#### [Information provided]
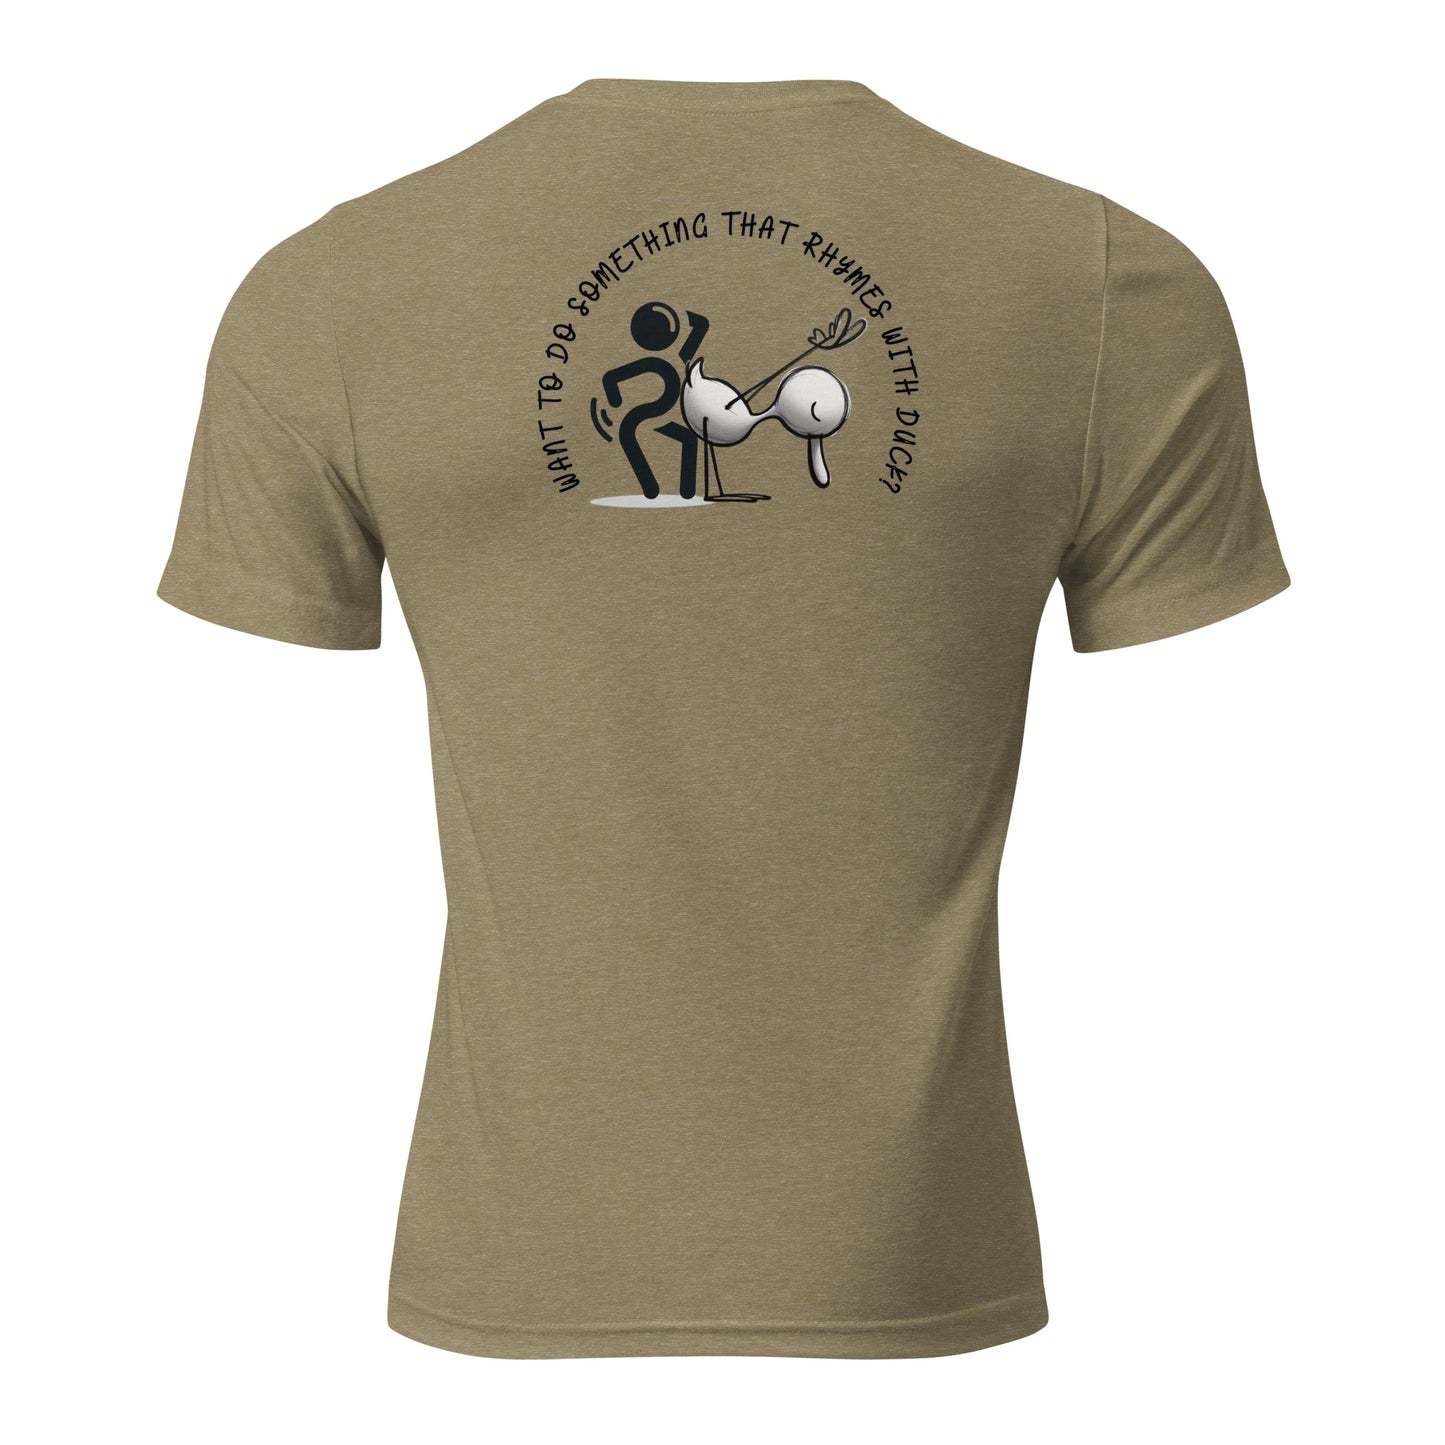 a t - shirt with an image of a man and a dog on it
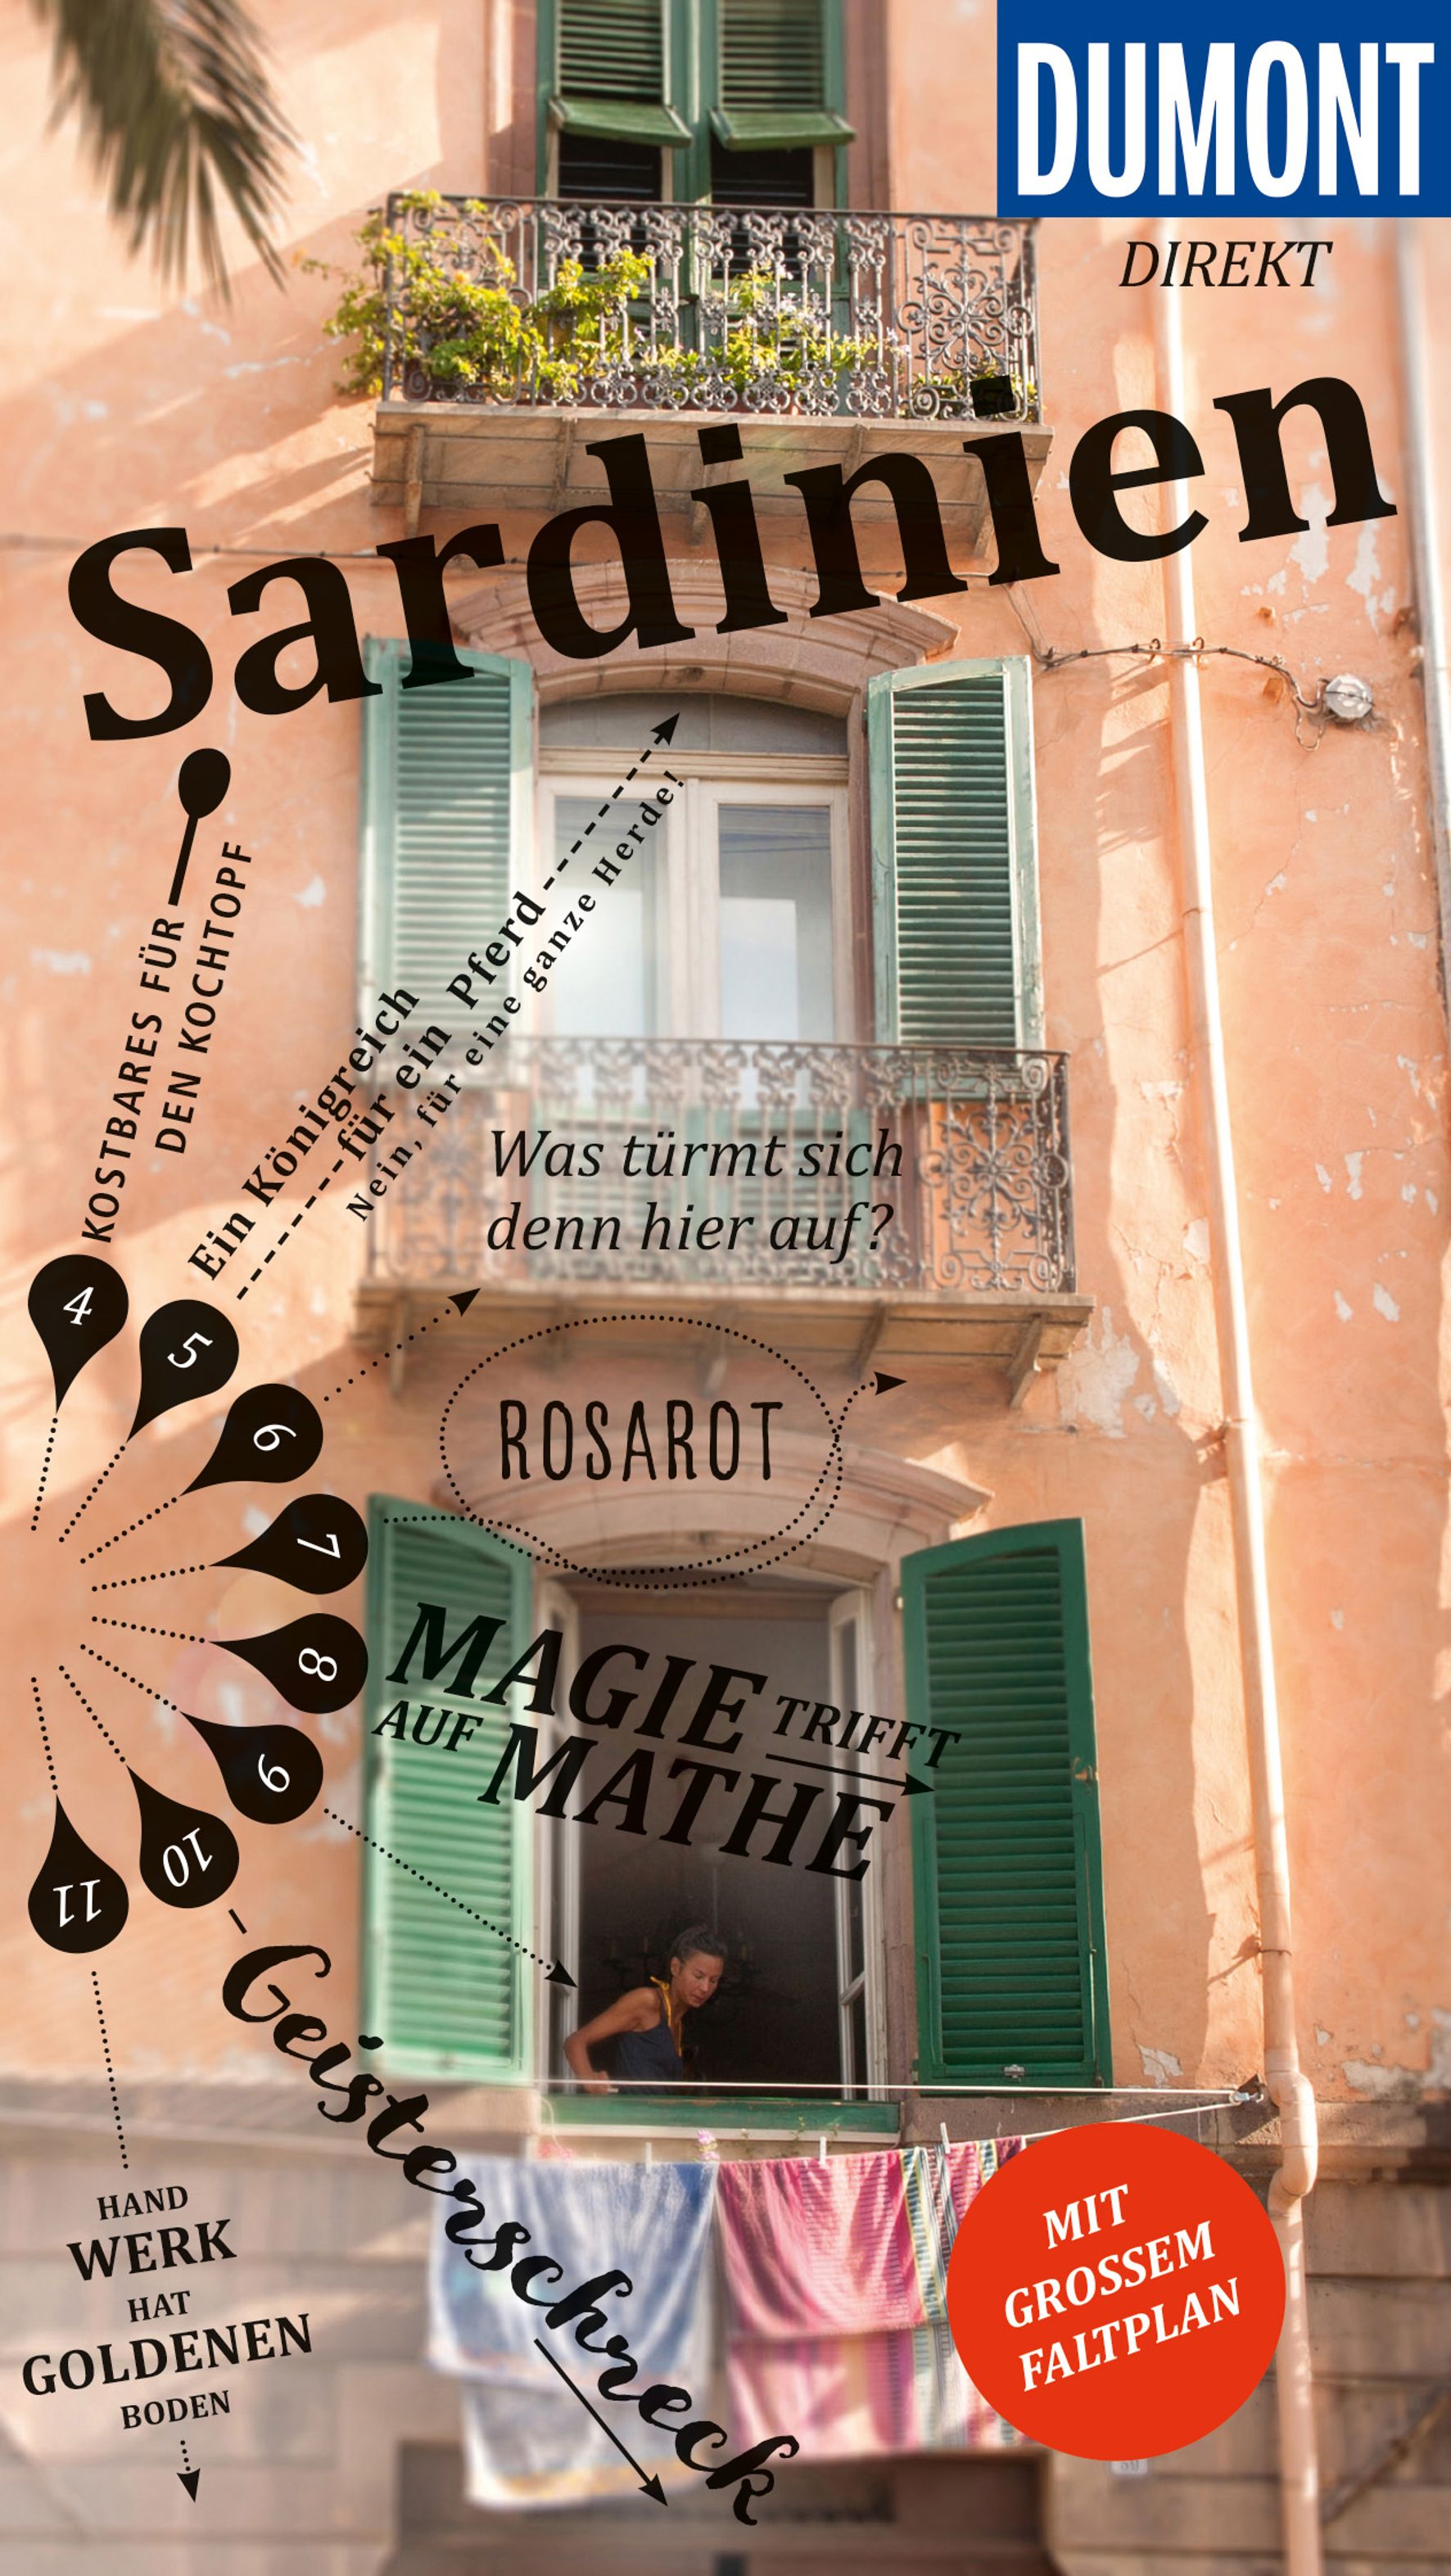 MAIRDUMONT Sardinien (eBook)
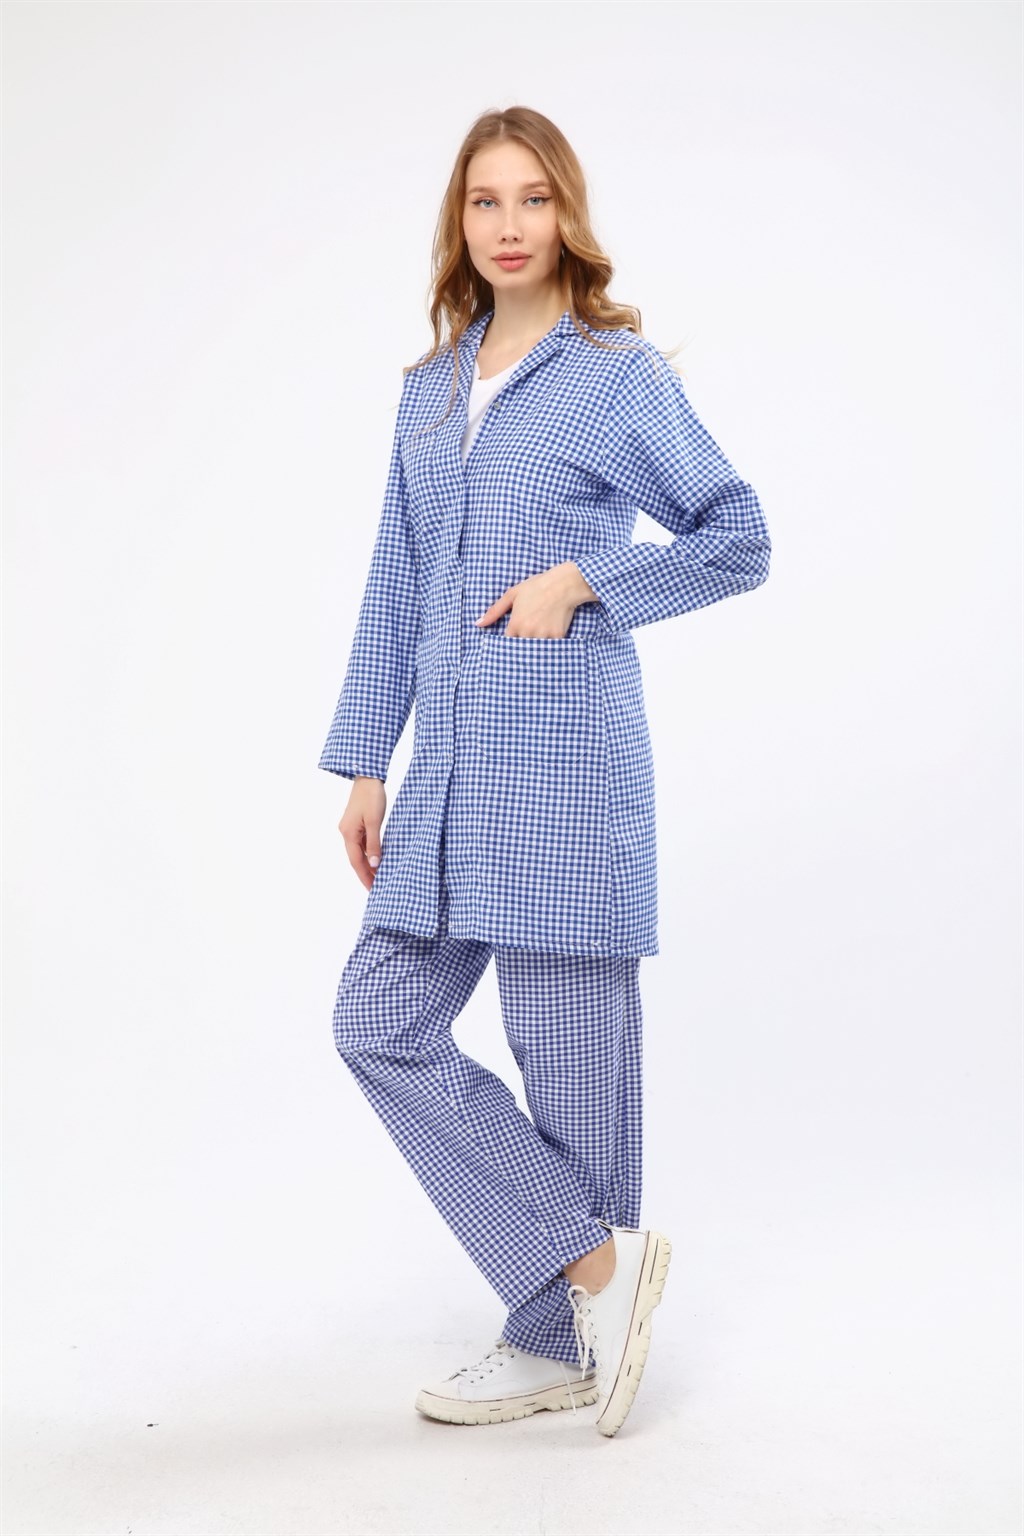 Çamdalı İş Elbiseleri - Pötikare Mavi Kadın Önlük - Kareli Kadın İş  ÖnlüğüÇDMAVIPTKR-Sİş ÖnlükleriÇamdalı İş Elbiseleri186,89 TLÇamdalı İş  Elbiseleri İmalat Sanayi

#### [What you are asked to do]
Your copy should match the data exactly, apart from the images, which are dropped.

#### [Answer area]
 a t - shirt with an image of a man and a dog on it
 MAIRDUMONT Sardinien (eBook)
 Çamdalı İş Elbiseleri - Pötikare Mavi Kadın Önlük - Kareli Kadın İş  ÖnlüğüÇDMAVIPTKR-Sİş ÖnlükleriÇamdalı İş Elbiseleri186,89 TLÇamdalı İş  Elbiseleri İmalat Sanayi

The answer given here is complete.